WISE, Twitter, and iPads

Wish I could go to the WISE conference in Doha this year, but it’s a little far away and there’s way too much going on this time of year. However, it’ll be nice to follow some of the speakers online and hear what they have to say. WISE stands for World Innovation Summit for Education.

Well, I’ve finally found something to use my twitter account for. I’ve signed up to follow this conference and hopefully, I will continue to find new ways to use the technology in a productive way. There are probably a few teacher blogs I should follow too, but I’m not always an early adopter with the gadgets (ok – usually by generation 2.o I’m in).

It takes a lot of scholastic points to get an ipad, but I’ve been saving up for almost 10 years now, and I got one yesterday for my classroom. Using it today, it was amazing to see the kids take to it like fish to water. It took me less than a minute to teach kids how to operate an app that had them solving spatial pentomino puzzles collaboratively in a group of 3. Swiping and dragging, clicking, and double clicking seemed so natural.  It makes for a great learning center. I also had a few of the winter songs for our production loaded on it, some spelling, and math fact games, a dictionary, a wikipedia app, I downloaded a few e-books for free, and was quite pleasantly surprised at how willing they were to share the device. I have a few hand-me-down desktops that have been in my classroom since the beginning of the year, but only one or two kids had every asked to use them. More than half the class seemed very interested in using the ipad today. It’s too bad I can’t get more. Here’s a story today about ipads in a kindergarten class.

There was a lot of filming going on in our school today and I was asked with little warning to teach a quick lesson using the new media lab which is full of desktops. They didn’t have any footage of kids in the lab. I haven’t really had the chance to use the lab yet, so the children hadn’t been taught how to sign in etc. Setting it up for all the kids, getting the computers all doing what you want them to do and then teaching can be quite a bit cumbersome. Even if it was a 10 minute lesson, there was no way I wasn’t going to try and make it meaningful for the kids, connect it to current curriculum, and ensure they were learning some useful skill. While the children were completely engaged in their assignment, I did not witness the same heightened engagement as those three kids on the ipad later in the afternoon. I think it was a good investment of my points, but now to find content that is meaningful and contributes to their learning – otherwise it’s just a toy.

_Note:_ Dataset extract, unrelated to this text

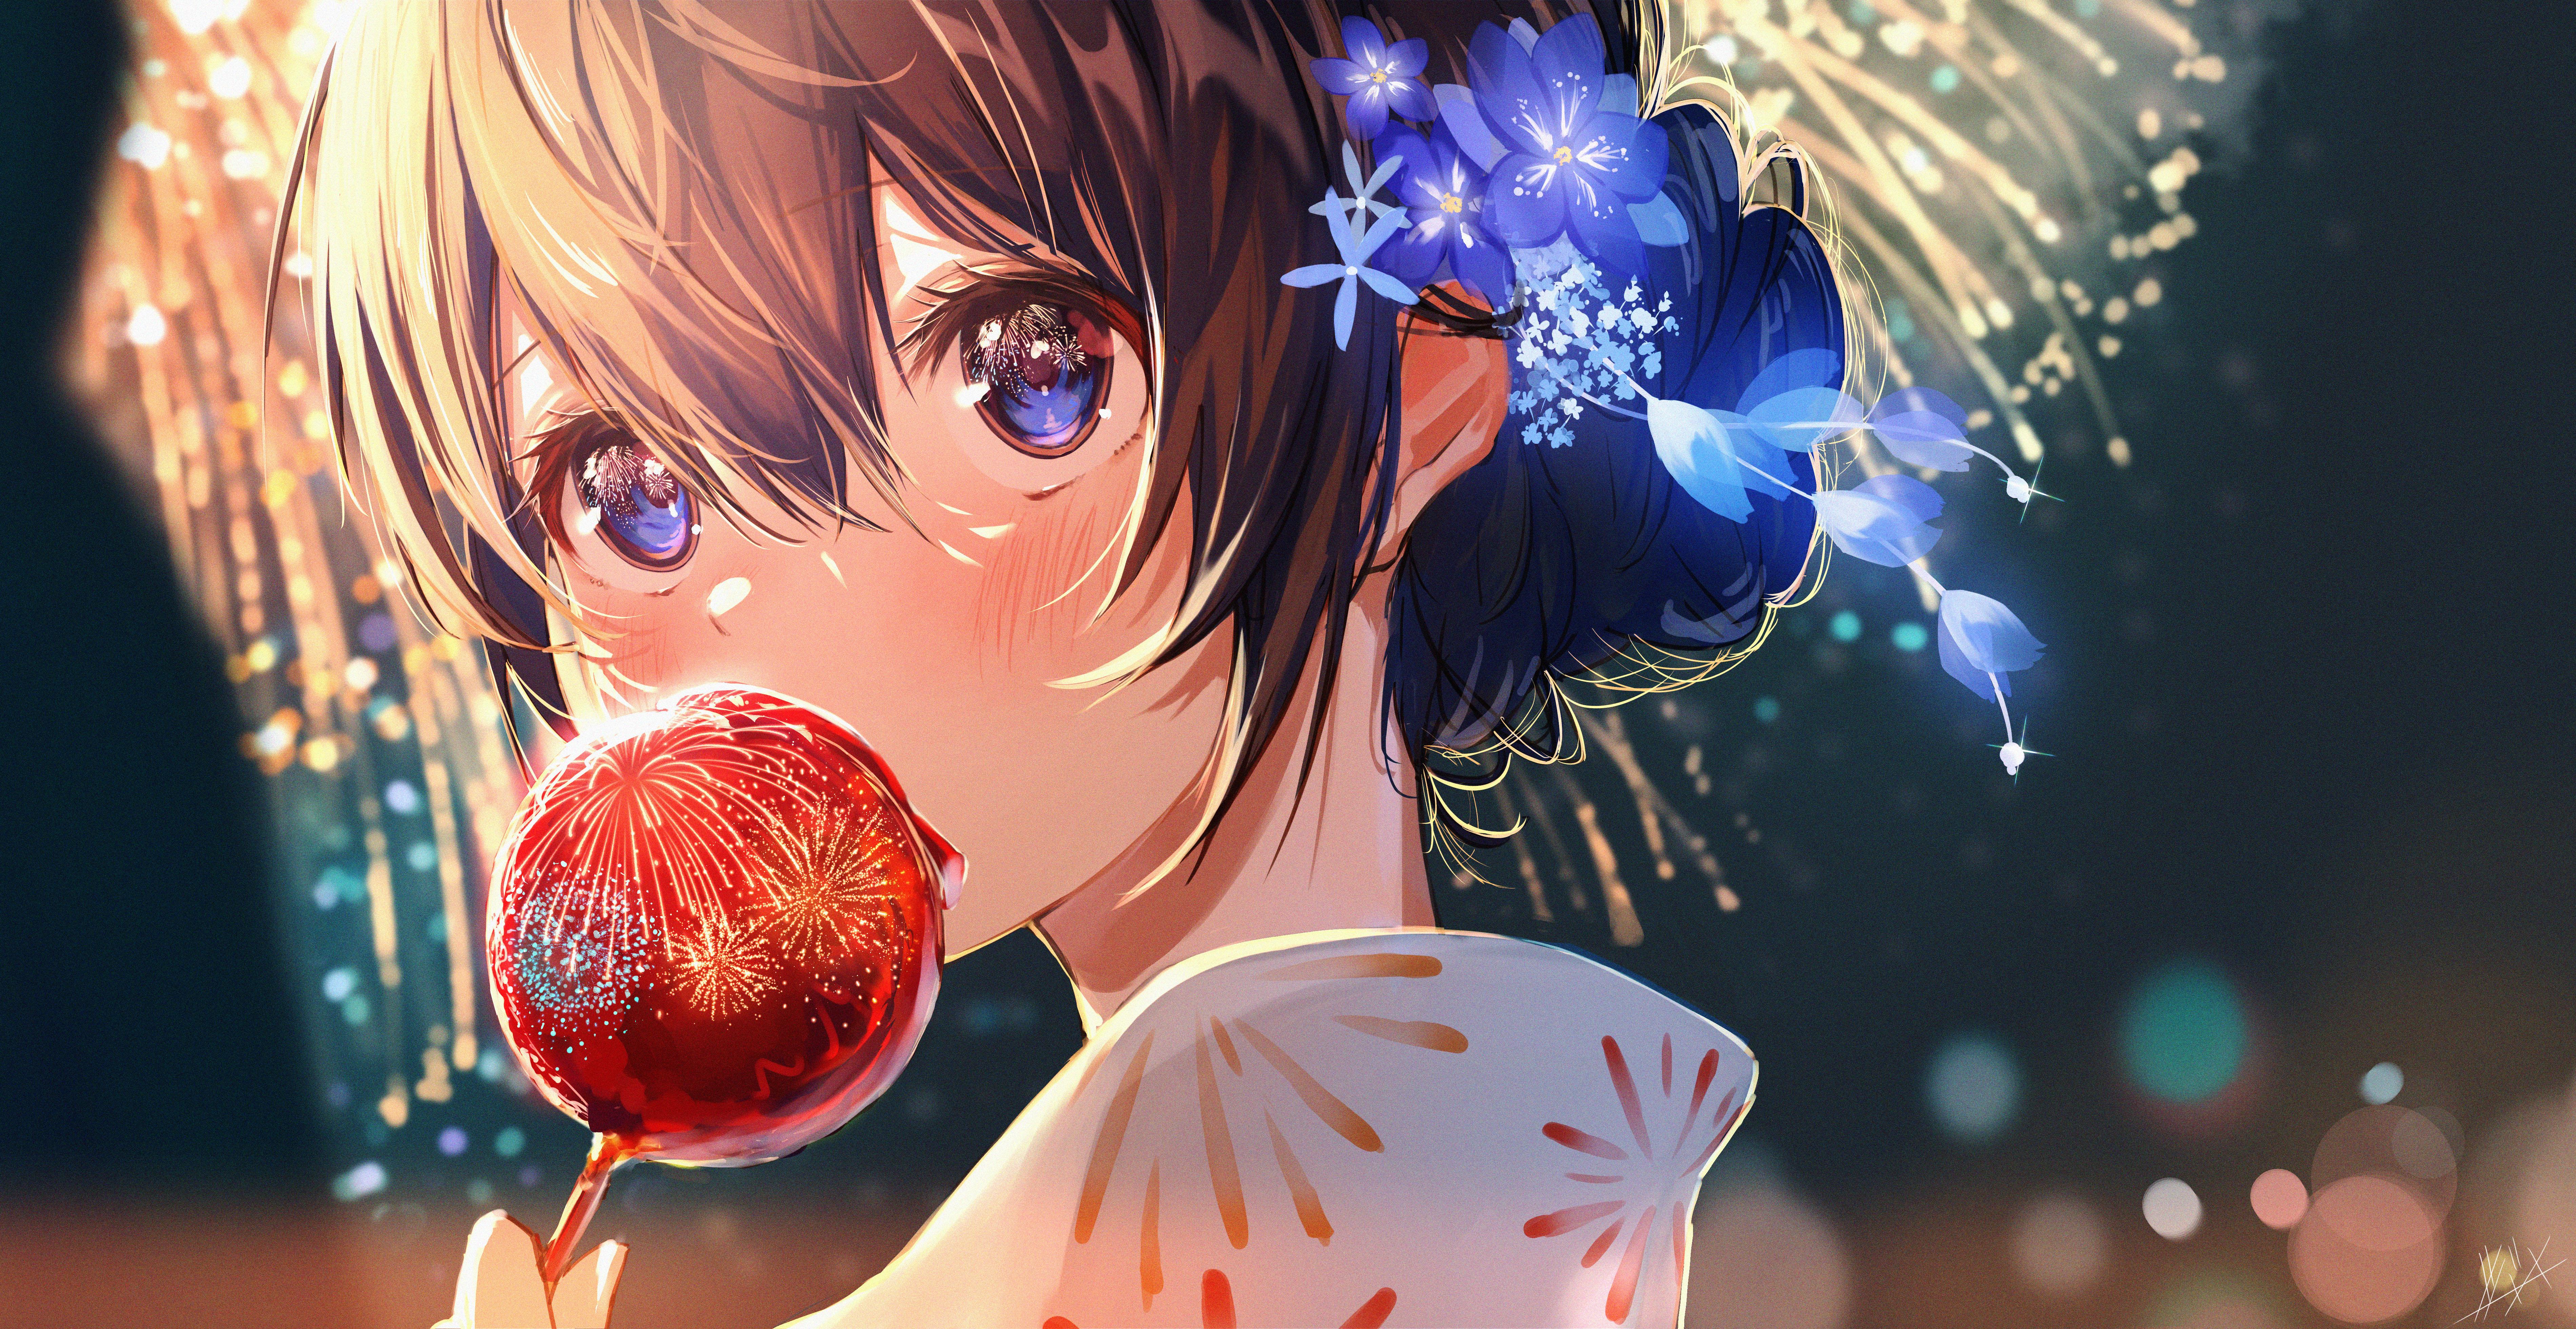 Anime Anime Girls Yukata Flower In Hair Brunette Fireworks Eating Blue Eyes Depth Of Field Looking A 7600x3920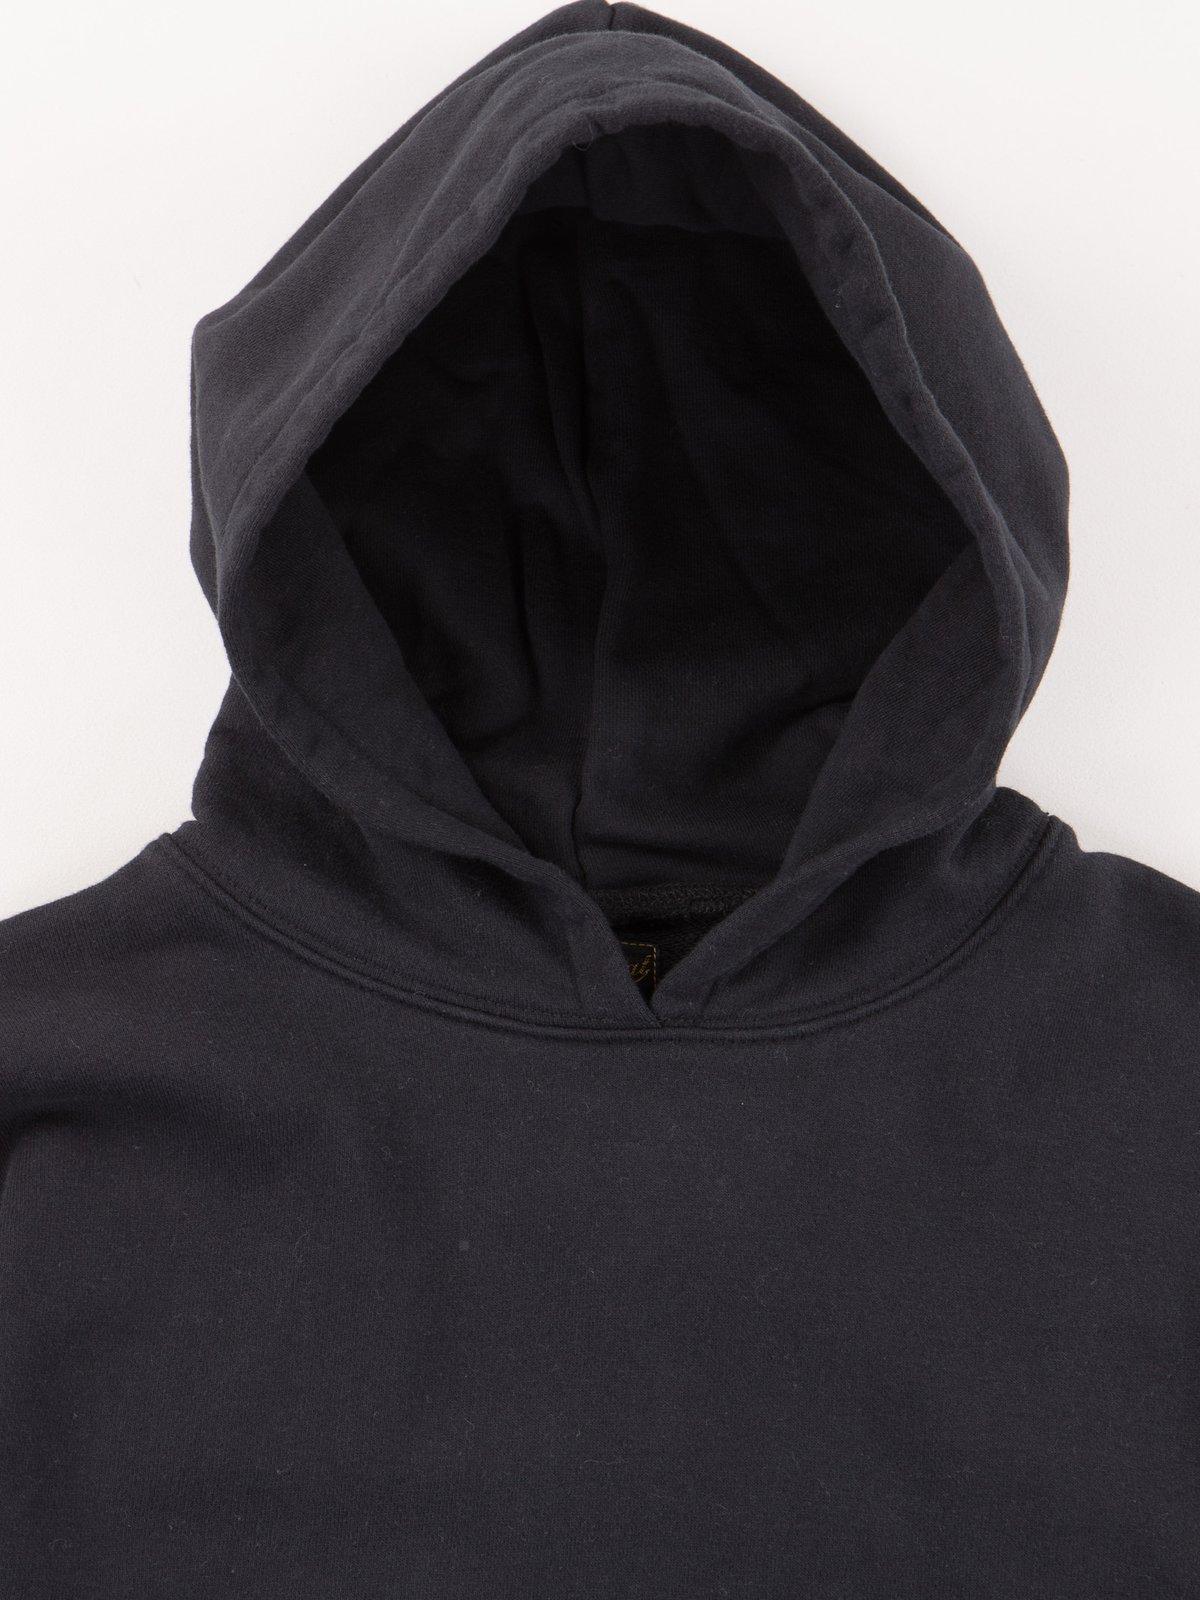 Black Gusset Pullover Parka - Image 5

4 thoughts on “WISE, Twitter, and iPads

  1. This post reminds me of my refrain on “techne,”– the tools we choose to use (nice rhyme) From ipad to video camera to desktop to lead pencil, it’s not the tool but the bigger lesson. In some ways, using a video to share teaching and learning is key as it proselytizes this essential question. I loved the irony of showing an ipad on an iphone to a HOS of a PC school-ha! Thanks for helping with the video effort. It was my late notice that caused the pile-up.

  2. Lucy did most of her state report in 4th grade on the iPad with a keyboard attachment. The word processing software app we bought is much more age-appropriate than Word.

    So it might be that content creation is what gives the device the most meaning. It’s not that you need an app that connects to the curriculum as much as one that helps kids put what they’re learning together in interesting ways.

    • Martha, thanks for putting this on here. I couldn’t agree with you more that there are much more kid friendly word processing apps out there that are more appropriate for kids. Unfortunately, I feel the school doesn’t seem to always get it in terms of tech. Some of the short sightedness regarding technology is a bit of a sore subject with me. I also agree with you that content creation is so important and we need to include those in the repertoire of software.

      Being married to a tech engineer (and having friends work for Microsoft, Google, Facebook, Juniper Networks, among other tech and gaming companies) makes me feel like a luddite when it comes to tech, yet it seems like I’m called upon to present to other teachers how to use technology might be used in the classroom. What do I know? I’m just trying and playing like the kids do. They aren’t technophobes, why should their teachers be?